§ **Exercise objective**: Output exactly the lines from the line that has "Paulette Flared Heel" through the last line of the data below, with no pictures.

§ **Dataset extract**:
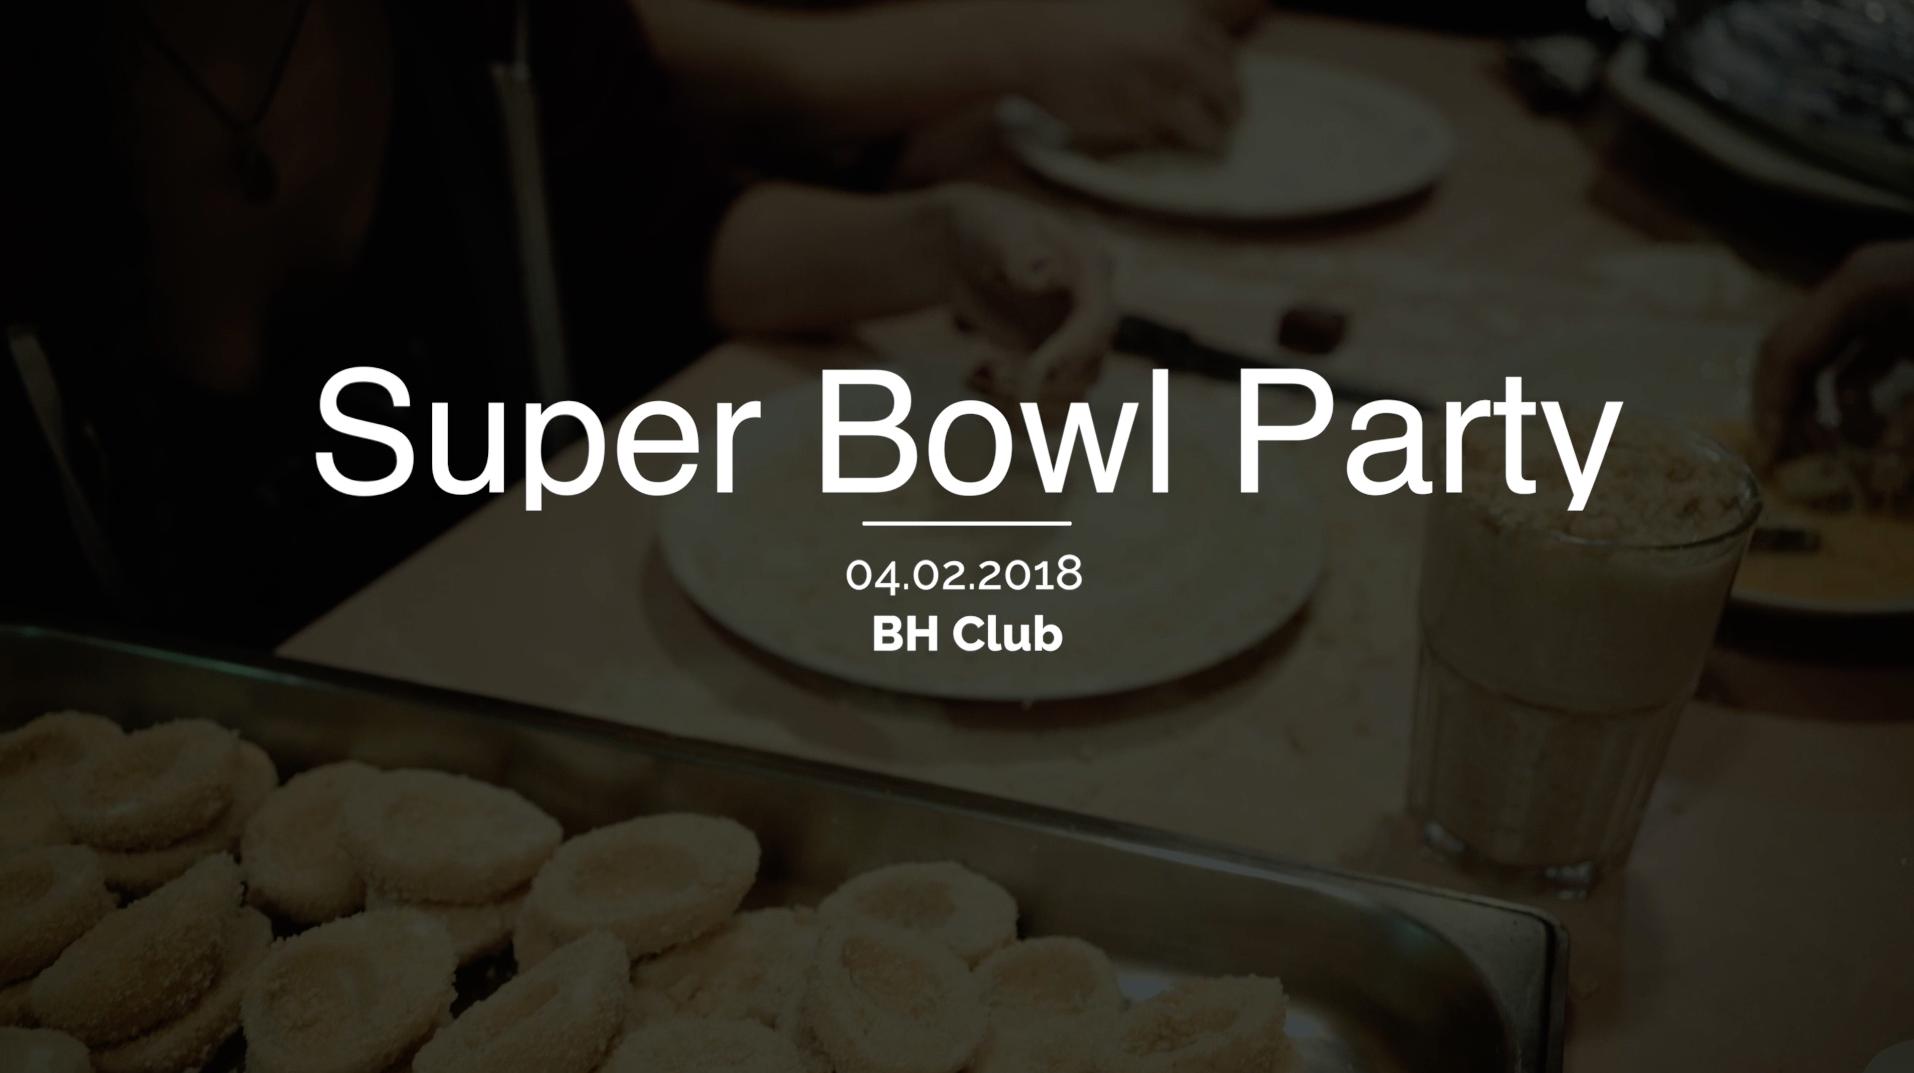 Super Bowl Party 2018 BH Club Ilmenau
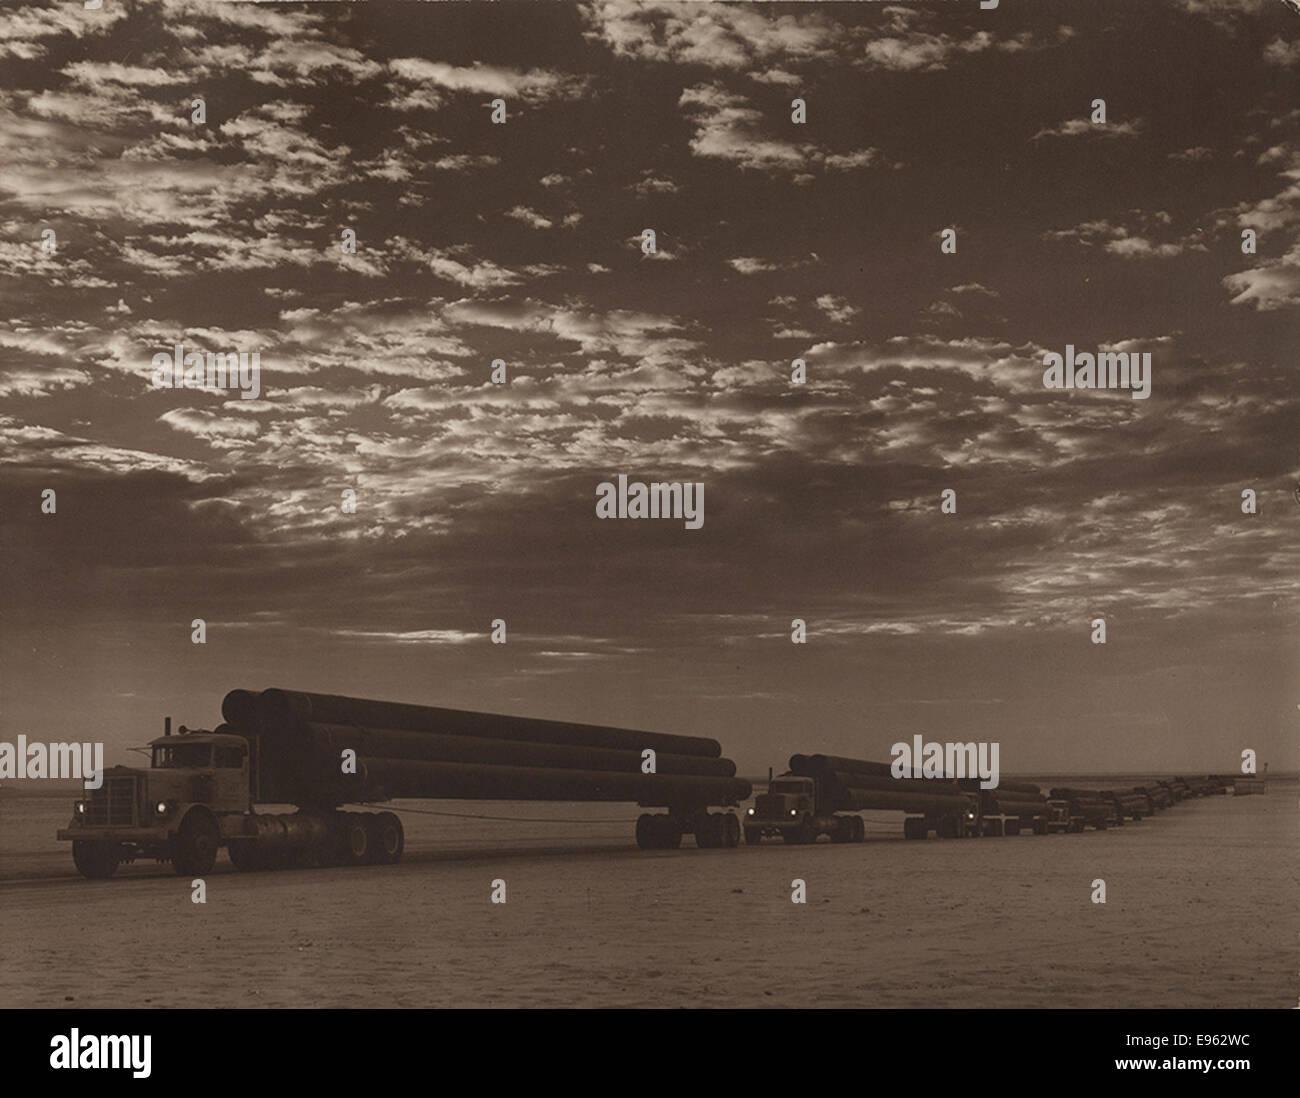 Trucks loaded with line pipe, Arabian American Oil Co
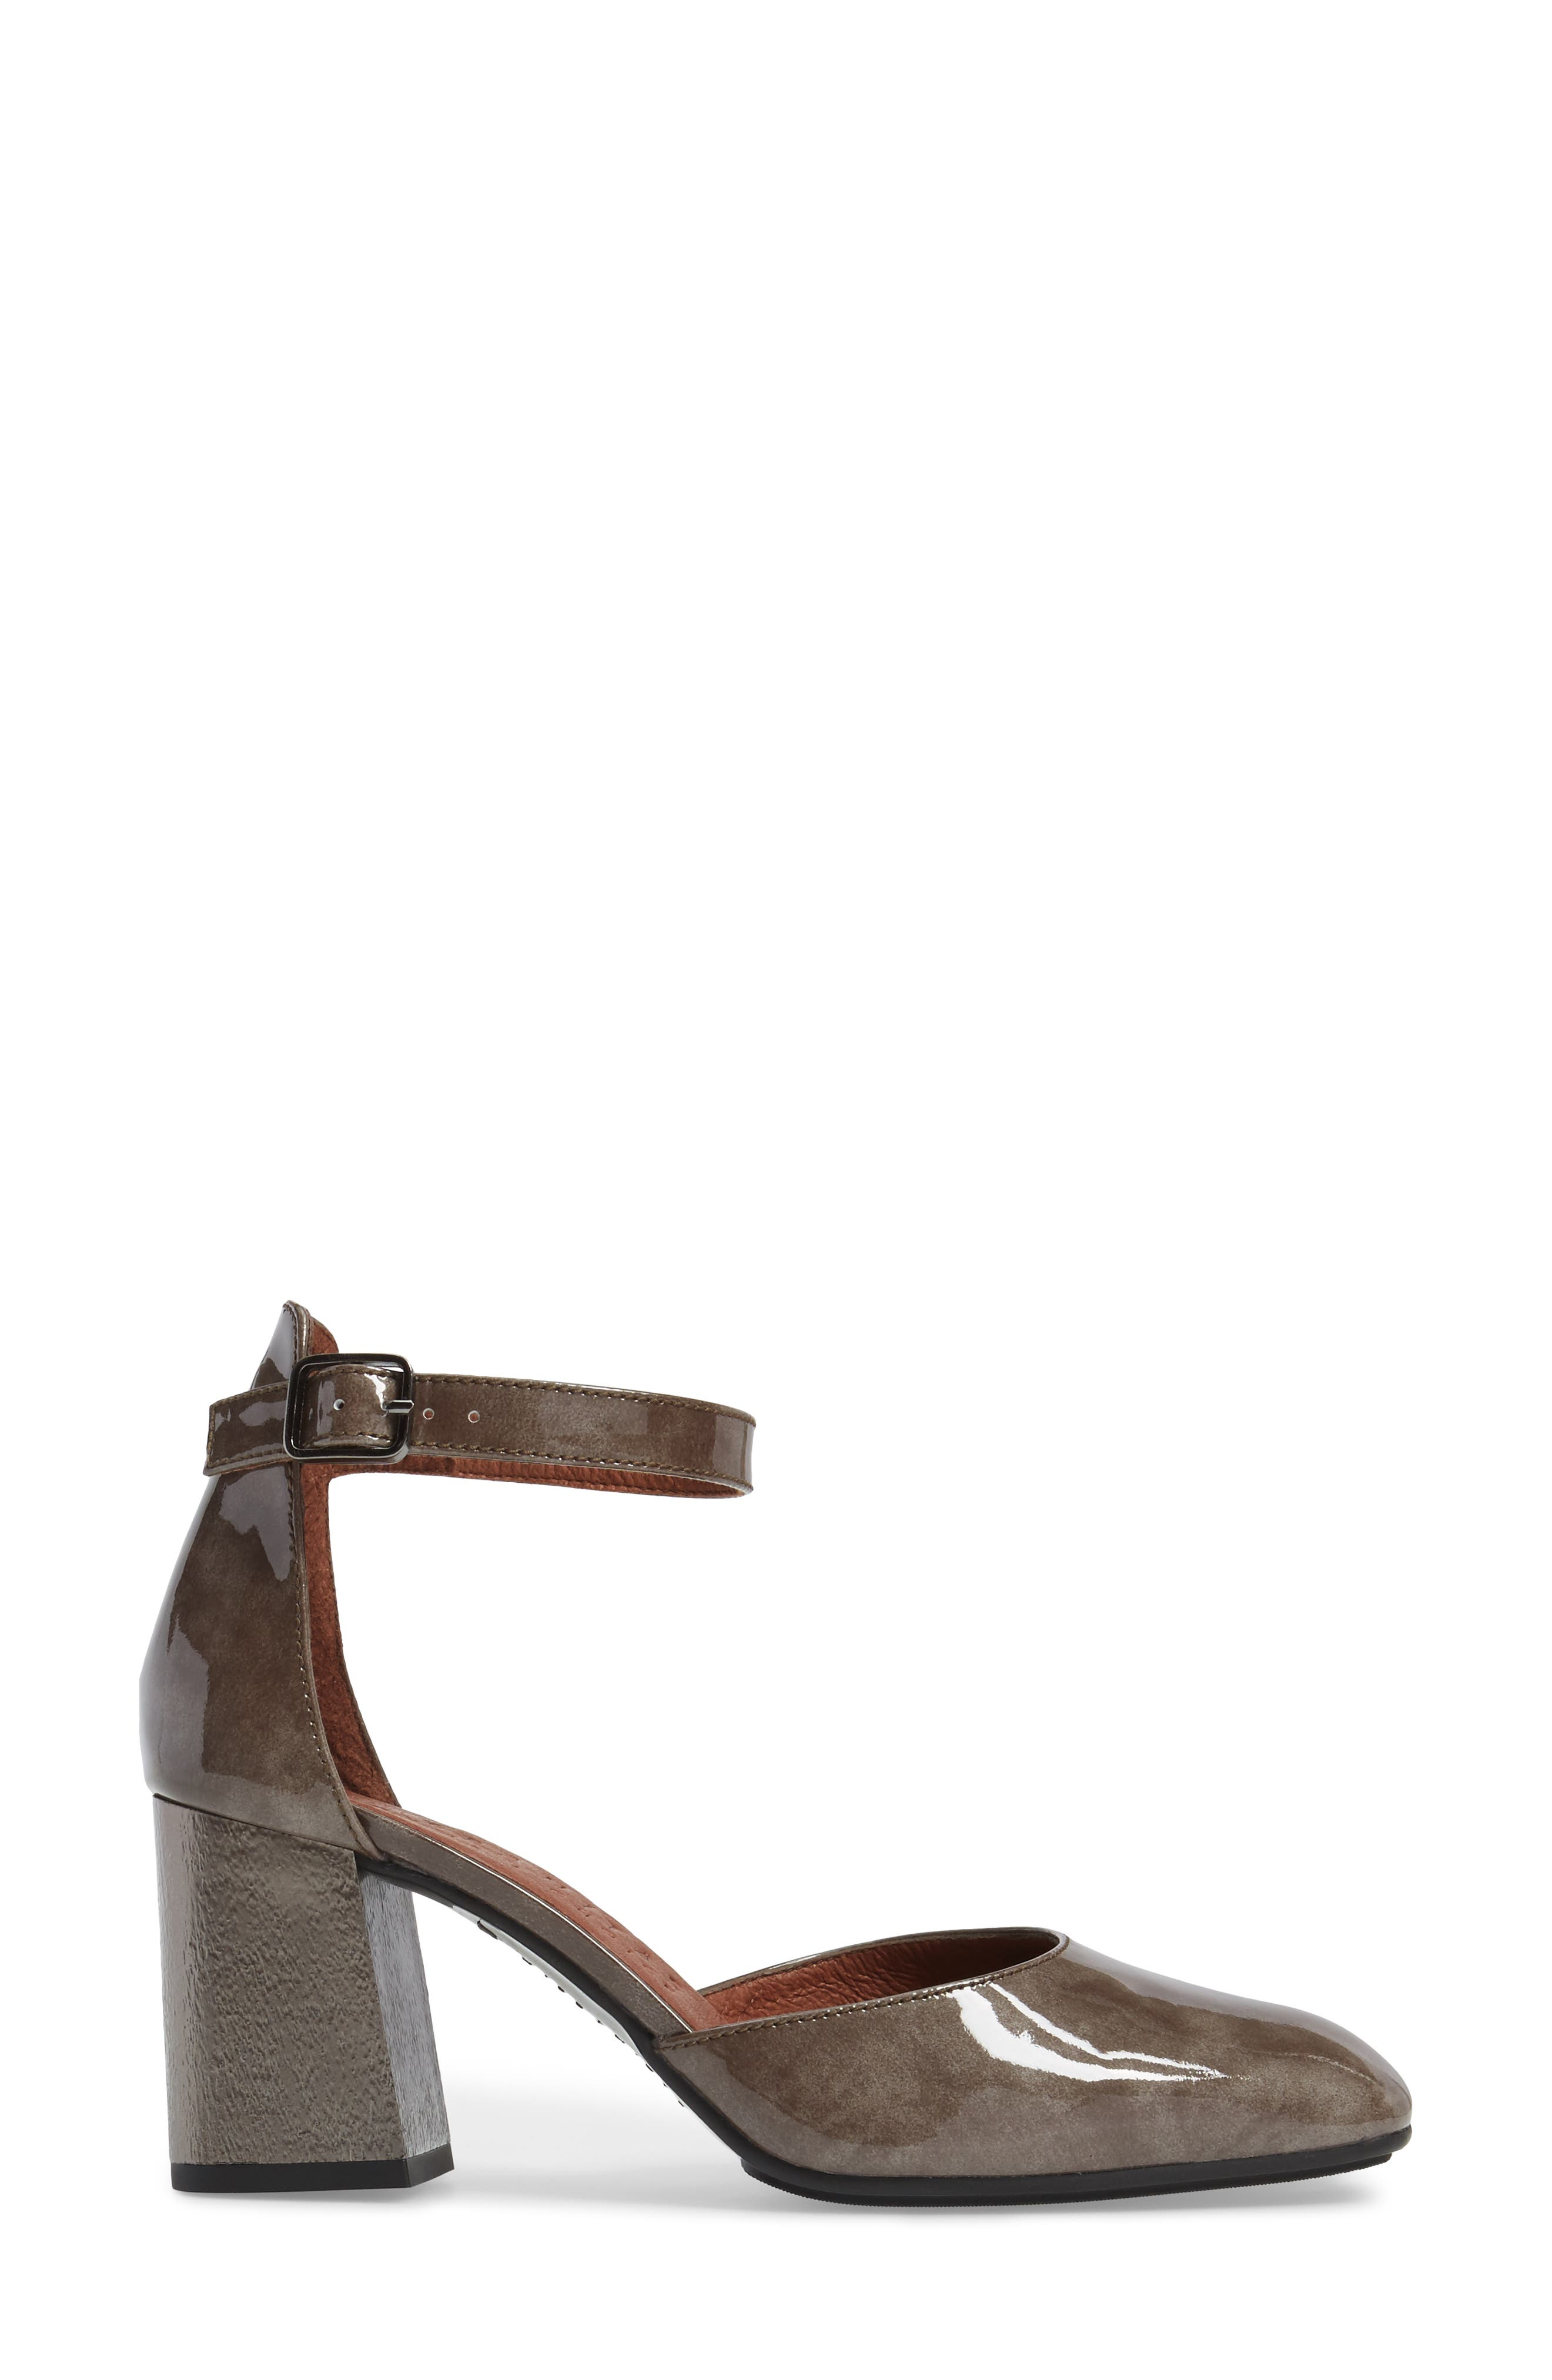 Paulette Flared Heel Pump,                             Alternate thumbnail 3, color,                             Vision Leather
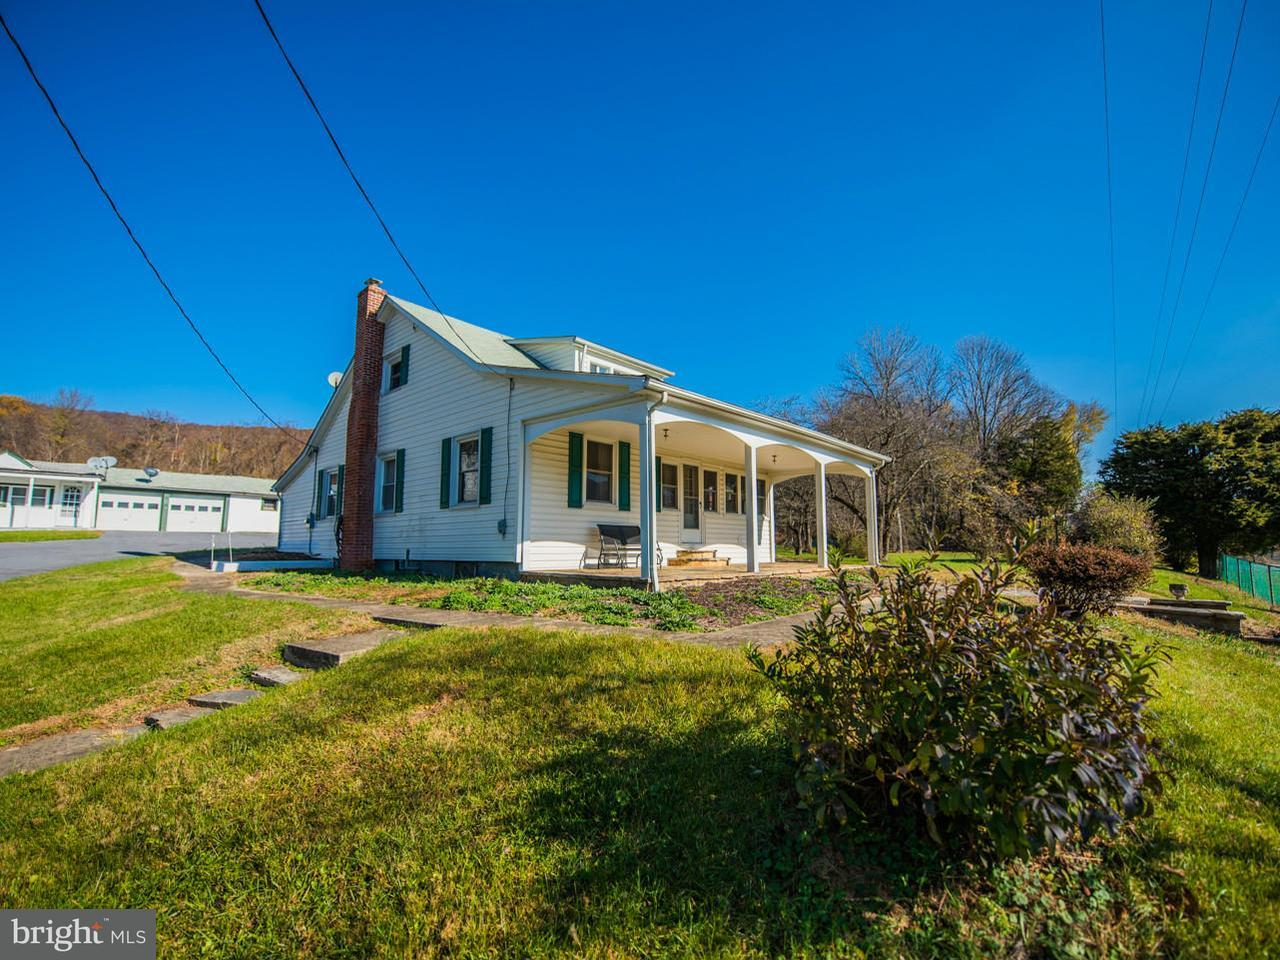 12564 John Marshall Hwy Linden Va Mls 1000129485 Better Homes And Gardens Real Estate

§ **Exercise solution**:
 Paulette Flared Heel Pump,                             Alternate thumbnail 3, color,                             Vision Leather
 12564 John Marshall Hwy Linden Va Mls 1000129485 Better Homes And Gardens Real Estate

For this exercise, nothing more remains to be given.